Deep-pelagic fish results update
Prepared by Tracey Sutton
Seventy-seven fish species have been thus far been identified from the first three stations of the cruise, excluding fish larvae. Notable specimens include a possible new barracudina of the genus Macroparalepis, a larval gulper eel of the bathypelagic genus Saccopharynx, and a male anglerfish of the genus Rhynchactis, of which less than 10 specimens are known worldwide. Genetic analyses are currently being run on these specimens. To maximize the information gained from this valuable specimen cache, muscle, heart and liver samples from bathypelagic fishes were extracted and frozen to test for the presence of organic pollutants such as organochlorines and PCBs.
Dhugal Lindsay Report:
In the first 1-m2 MOCNESS net of the cruise we caught a tiny octopus that seemed to have greatly elongated, whiplike suckers on its arms (see Figure 2). This curious little animal is a male of the pelagic octopod Tremoctopus violaceus, the blanket octopus, and is carrying pieces of the tentacle of the Portuguese Man o' War jellyfish Physalia physalia on the suckers of its arms. The suckers are adapted to hold these fragments and the potent venom contained in the stinging cells of the Physalia tentacles acts as a deterrent to most predators. Females of this species grow to over 2m in length while the tiny males have a maximum size of less than 3cm. This is a classic case of biological diversity begetting more biological diversity - with jellyfish as key players. It was first described by E. C. Jones (Science, 1963, 139:764).
Francesc Pages Report:
The blue water diving team led by Larry Madin and Erich Horgan has collected several siphonophore specimens (Rosacea, Athorybia, Agalma, Rhizophysa) over 5 dives, but one of them is particularly remarkable. On the third dive, a physonect siphonophore of the genus Halistemma about 20 cm long was captured and it showed a conspicuous discontinuity in the siphosome. A close examination indicated that the irregularity actually was a gastrozooid with a large prey inside. The dissection of the gastrozooid revealed that it contained a leptocephalus larva (eel larva) 8 cm long folded 3-4 times (see Figure 3). Siphonophores are divided into the orders cystonects, physonects, and calycophorans. In general, cystonects (Physalia, Rhizophysa, and Bathyphysa) have a diet based on fish, while most of calycophorans (e.g. Rosacea, Lensia, Sphaeronectes) feed upon copepods. The few data available on physonects' (Nanomia) diet indicated large crustaceans (stage V of copepods, krill larvae, decapod larvae) as the main prey. To our knowledge fish have never been reported and certainly not of this size.

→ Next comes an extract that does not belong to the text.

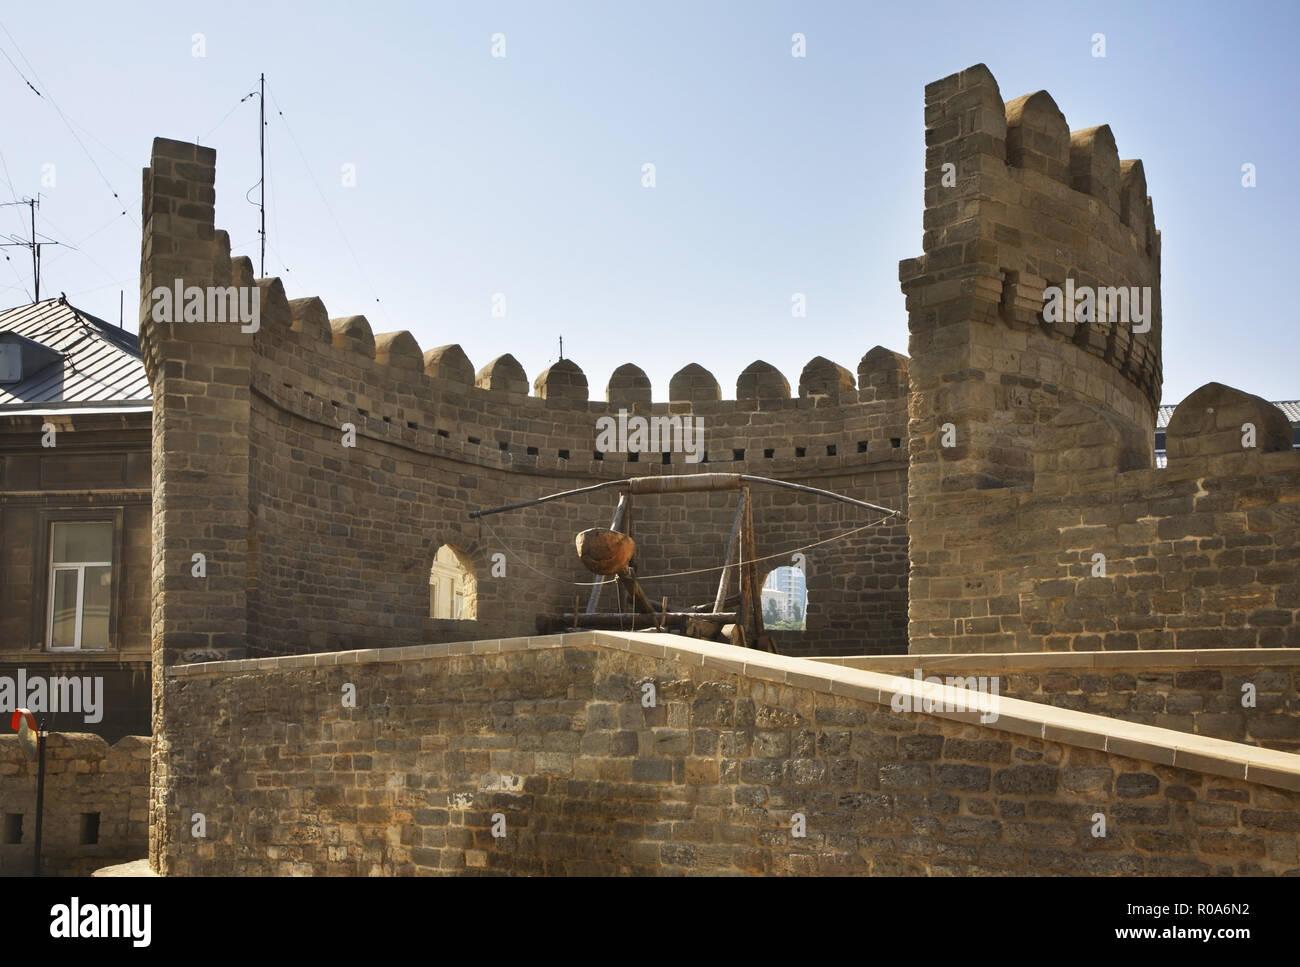 Icheri Sheher in Baku. Azerbaijan - Stock Image

Figure 1. Larry Madin, Erich Horgan, Phil Pokorski, and Keegan Plaskon (left to right) ready to go out on a blue-water night dive to collect zooplankton in the Rigid Hull Inflatable Boat.
Figure 2. The pelagic octopod, Tremoctopus violaceus, collected at station #1, carrying pieces of the tentacle of the Portuguese Man o' War jellyfish on its arms.
Figure 3. The physonect siphonophore Halistemma sp. collected during a blue-water dive at station #3. Note the large gastrozoiid that contains the leptocephalus larva.